= Assigned task =
Leaving the images aside, transcribe all the data below exactly.

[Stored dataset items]

■ ■ ■ ■

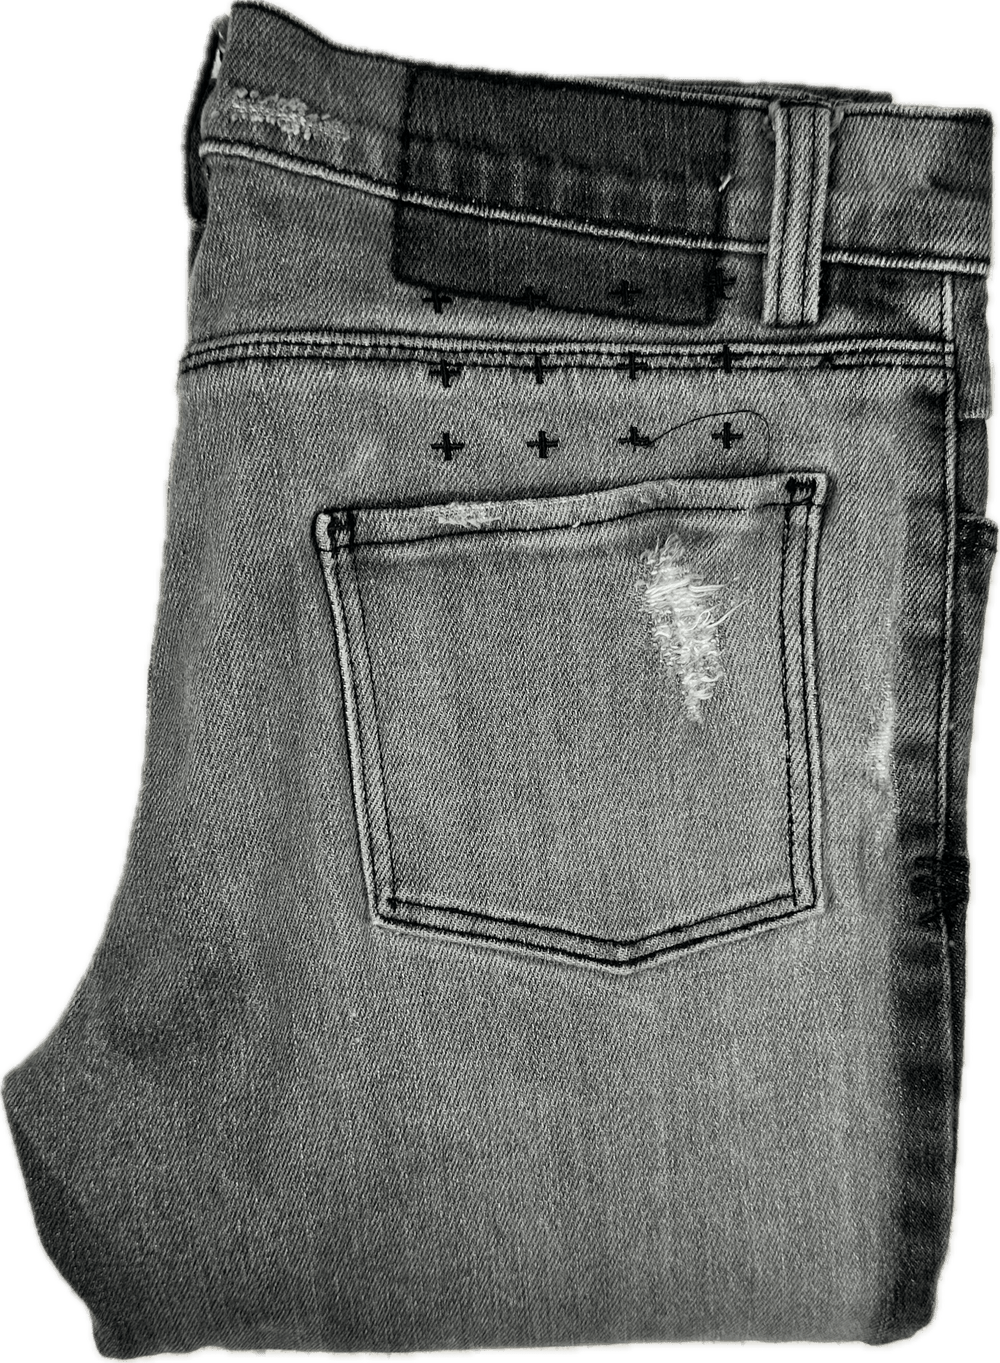 Tsubi Aussie Made 'Lean Dean' Grey Skinny Jeans - Size 10 - Jean Pool
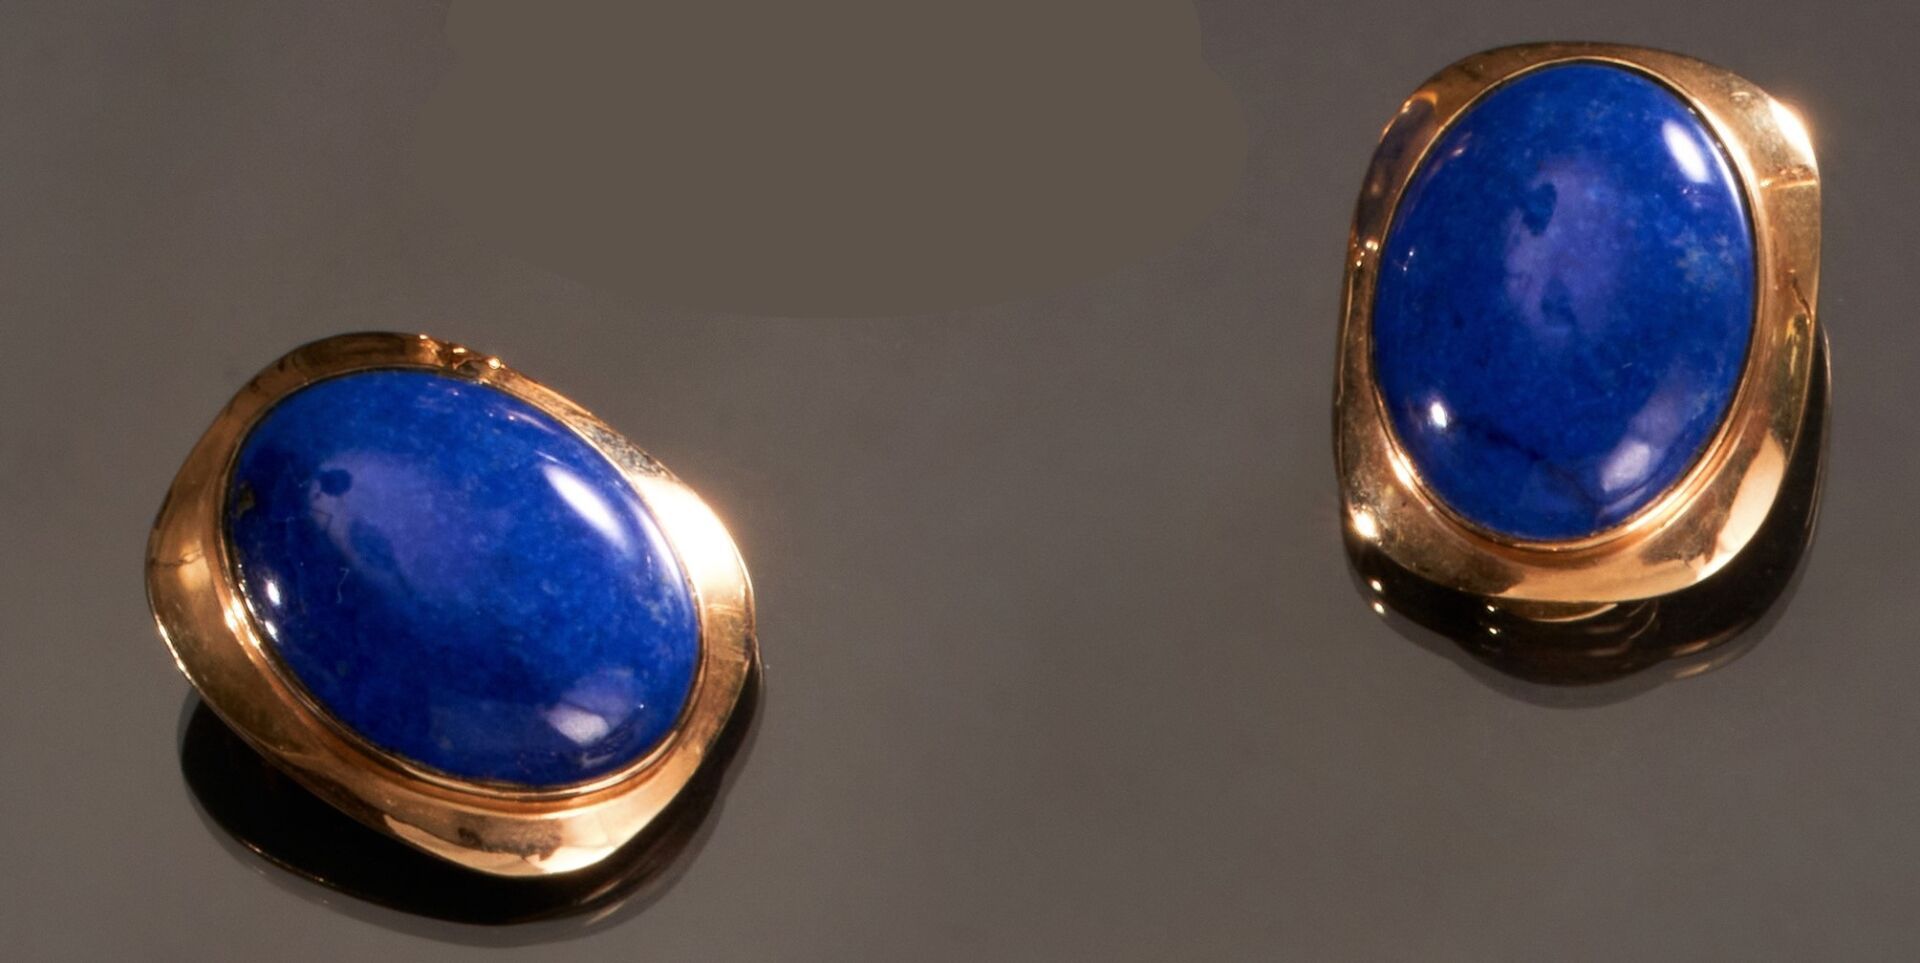 Null 第585000号黄金耳环一对，每只耳环上都有一颗着色的青金石凸圆石装饰。
系统带夹子。
(有胶水的痕迹)
高度 : 2,8 cm
毛重 : 17,4 &hellip;
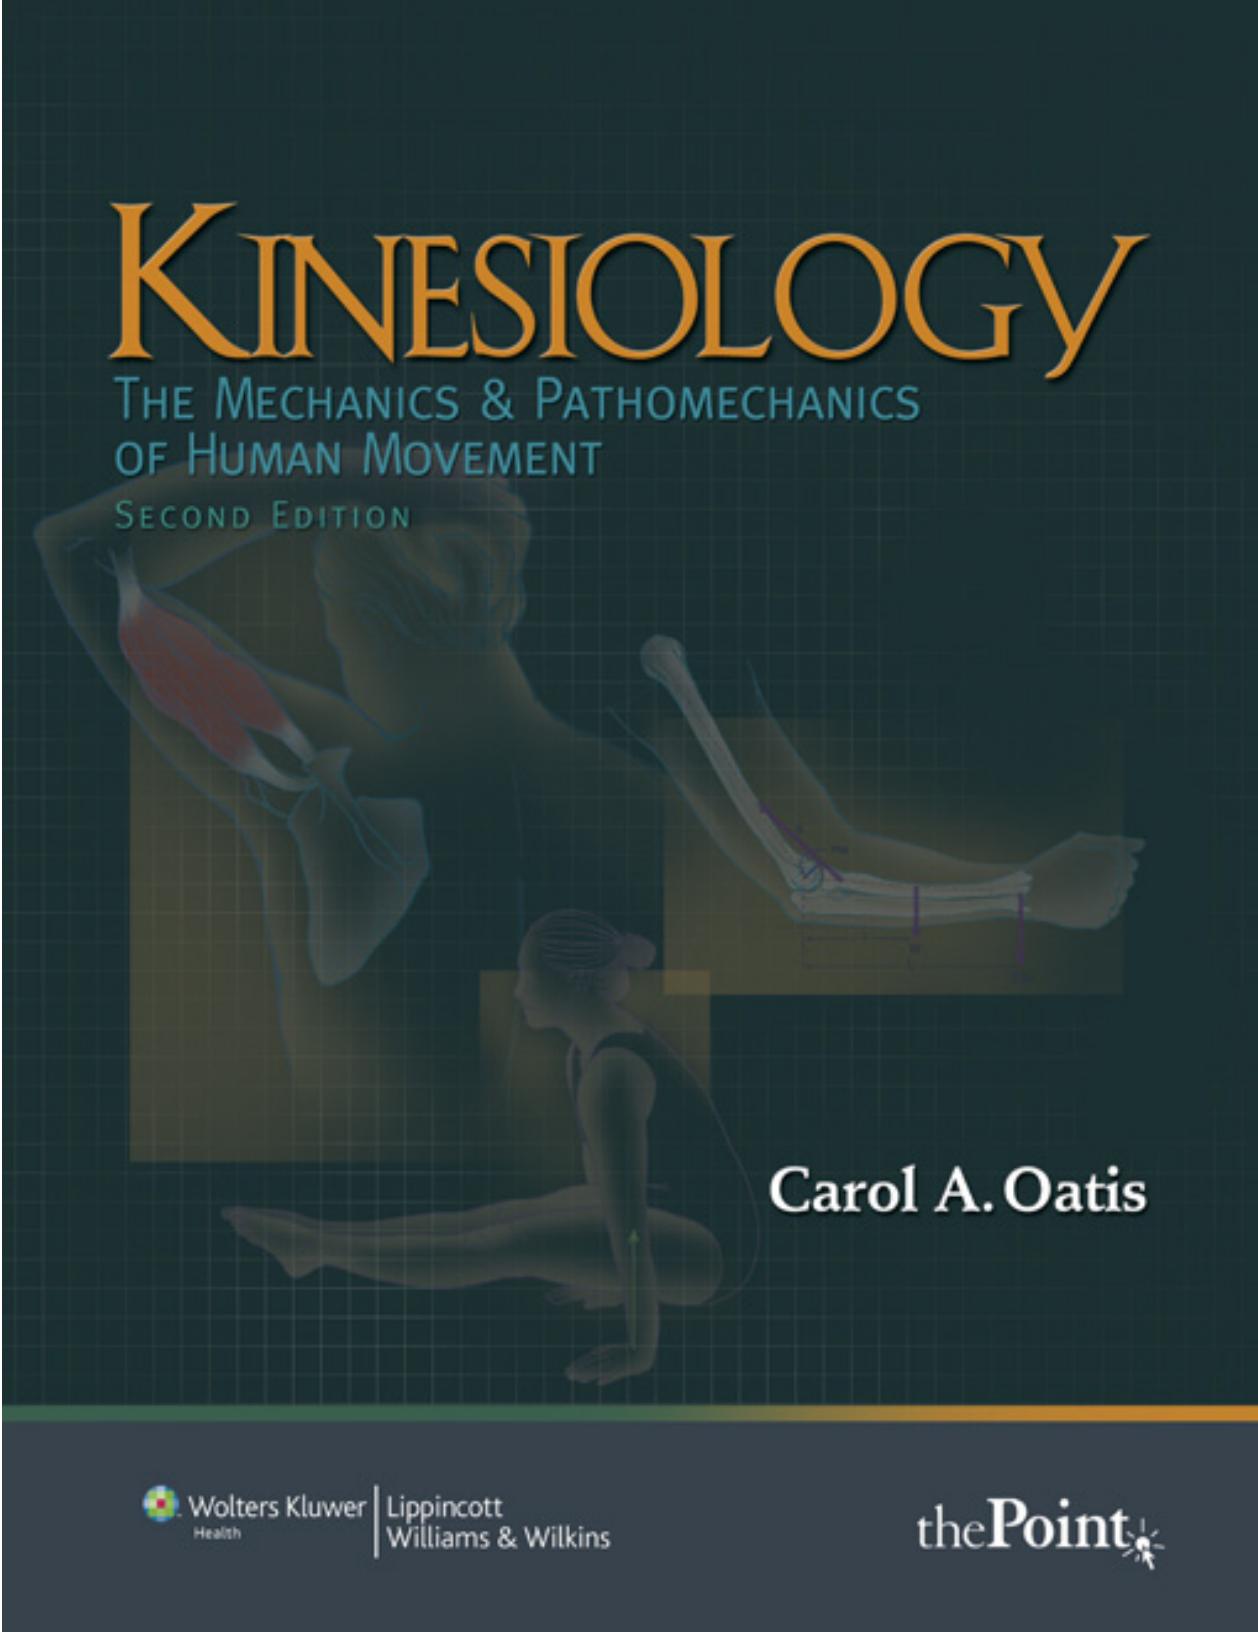 Kinesiology: The Mechanics and Pathomechanics of Human Movement by Carol A. Oatis

■ ■ ■ ■

= Result =
 Tsubi Aussie Made 'Lean Dean' Grey Skinny Jeans - Size 10 - Jean Pool
 Null 第585000号黄金耳环一对，每只耳环上都有一颗着色的青金石凸圆石装饰。
系统带夹子。
(有胶水的痕迹)
高度 : 2,8 cm
毛重 : 17,4 &hellip;
 Kinesiology: The Mechanics and Pathomechanics of Human Movement by Carol A. Oatis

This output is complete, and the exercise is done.